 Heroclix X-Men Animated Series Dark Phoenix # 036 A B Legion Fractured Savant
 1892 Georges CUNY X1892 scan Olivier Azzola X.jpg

===

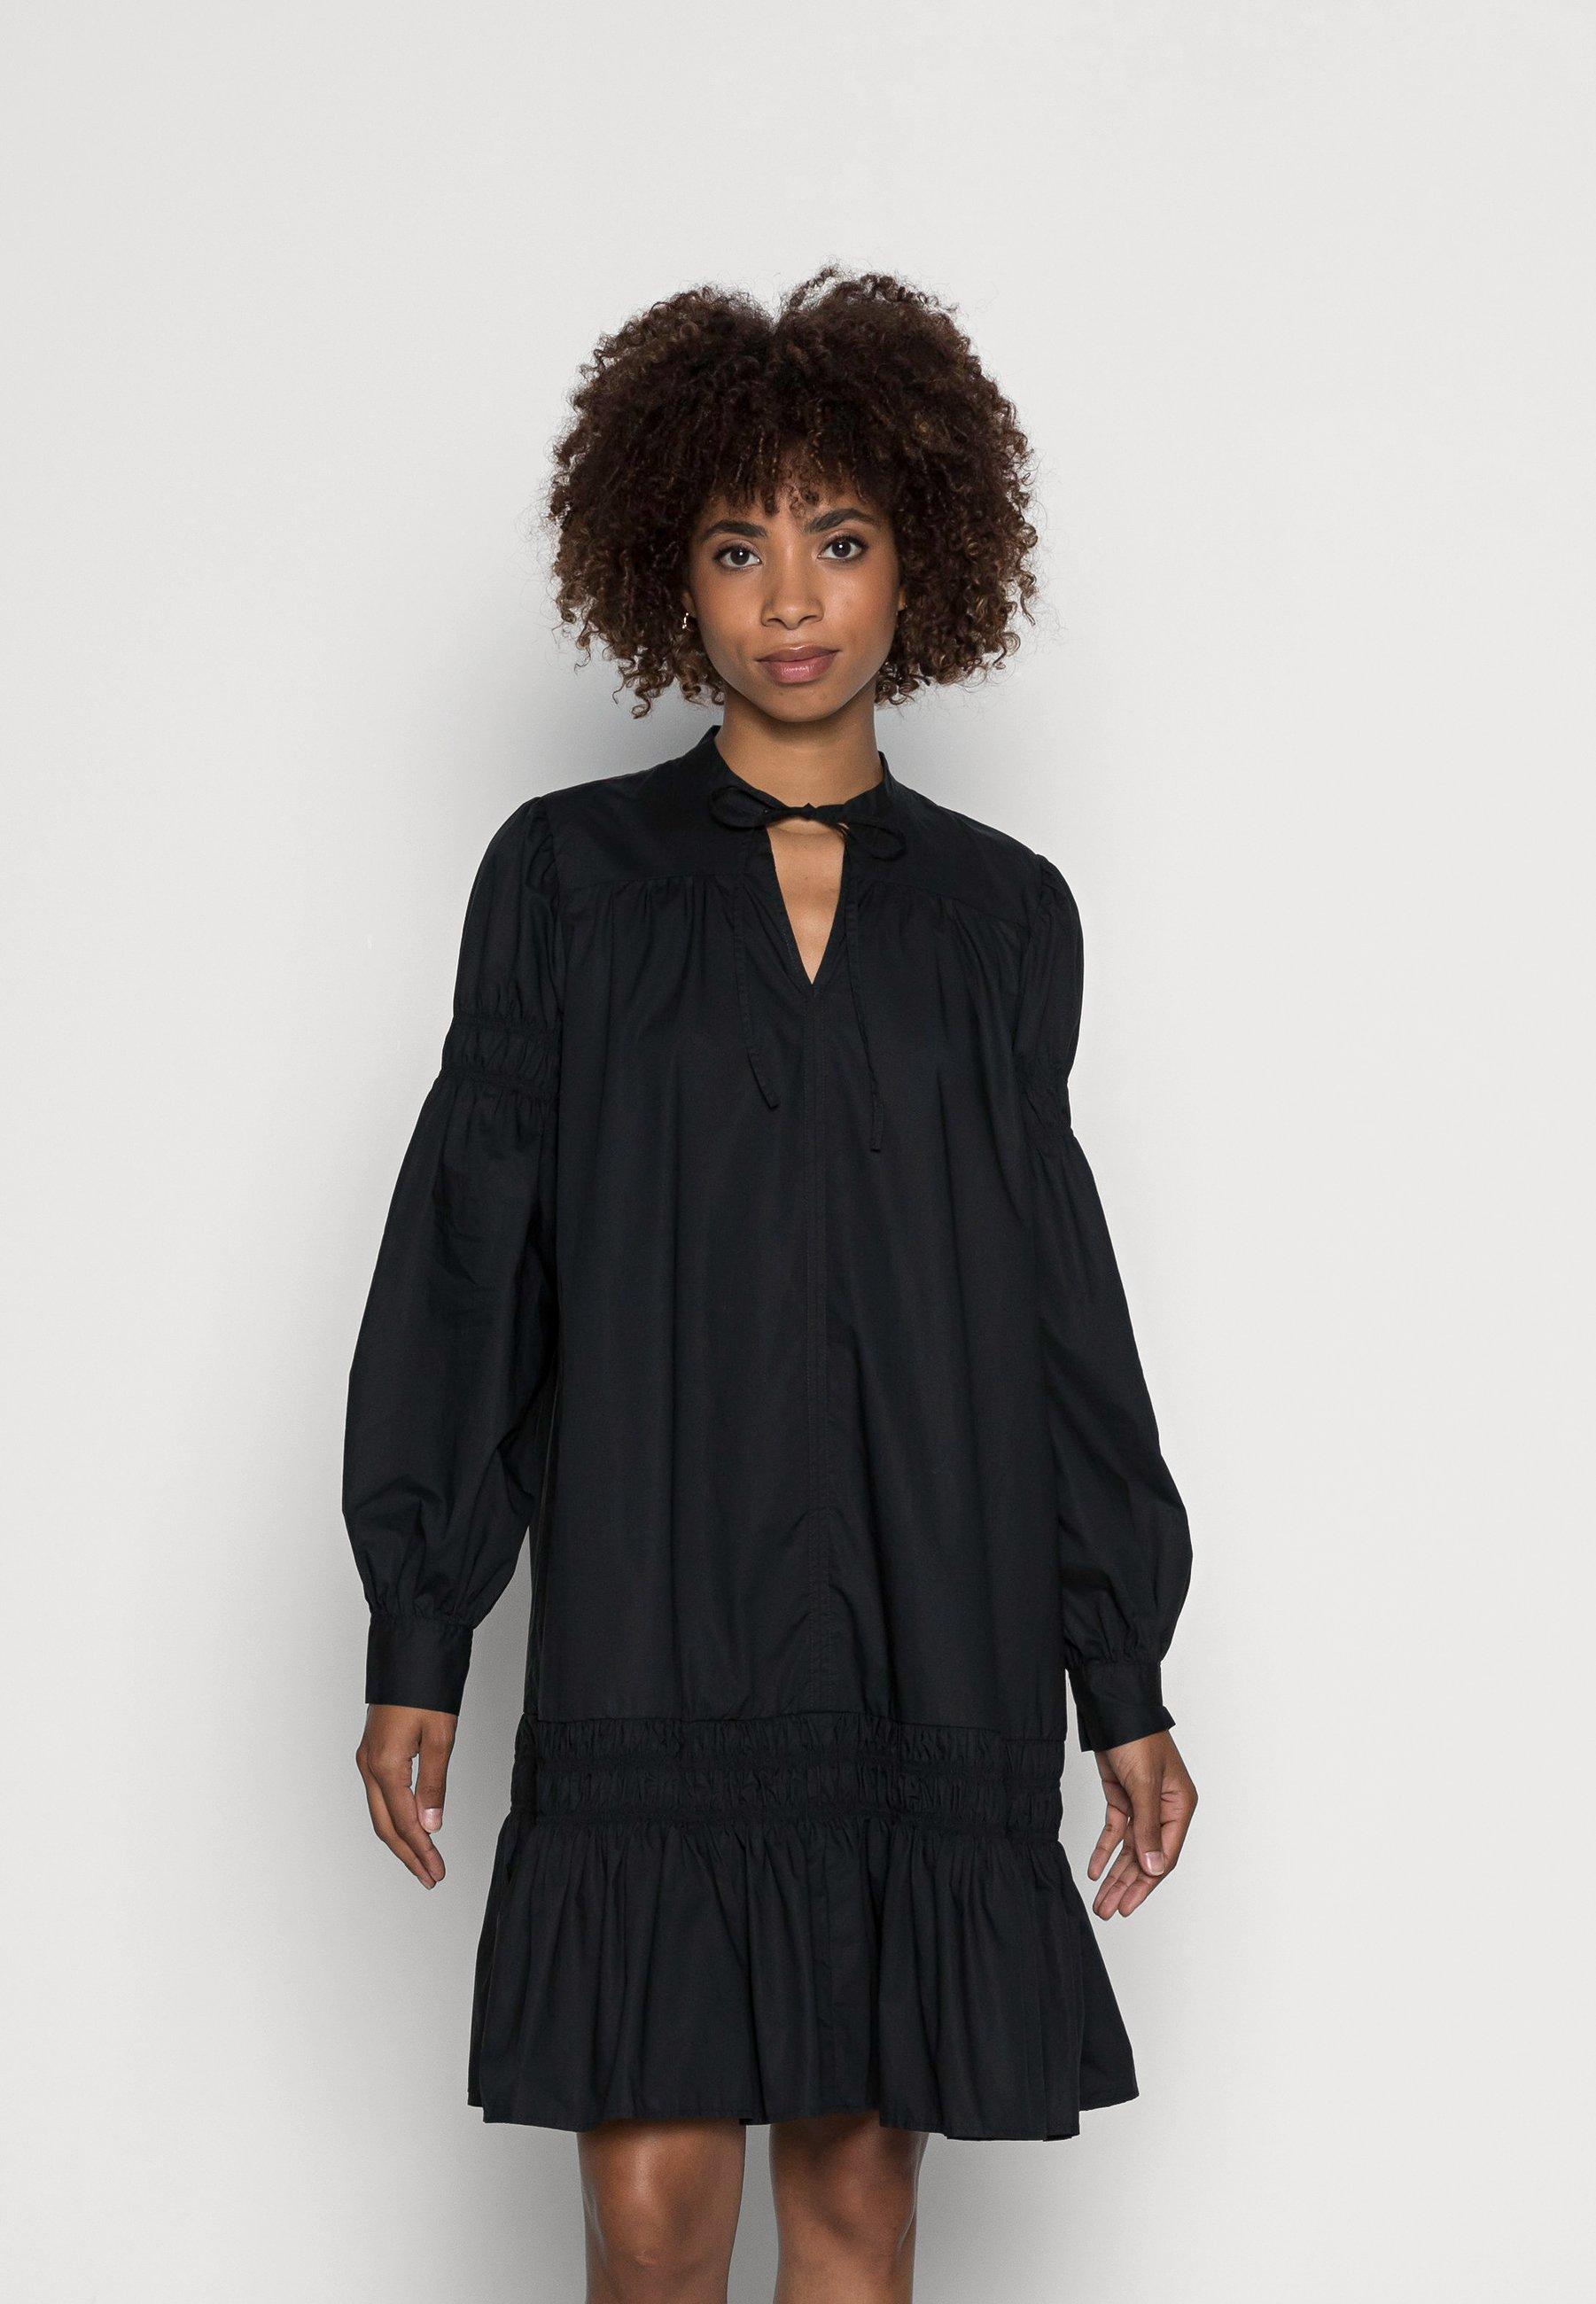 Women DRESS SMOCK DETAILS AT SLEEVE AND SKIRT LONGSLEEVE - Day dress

===

■ Task to complete
The required answer is the exact run of lines above starting at the line with "Heroclix X-Men Animated" and ending at the line with "1892 Georges CUNY", with both ends present.

■ Task result
 Heroclix X-Men Animated Series Dark Phoenix # 036 A B Legion Fractured Savant
 1892 Georges CUNY X1892 scan Olivier Azzola X.jpg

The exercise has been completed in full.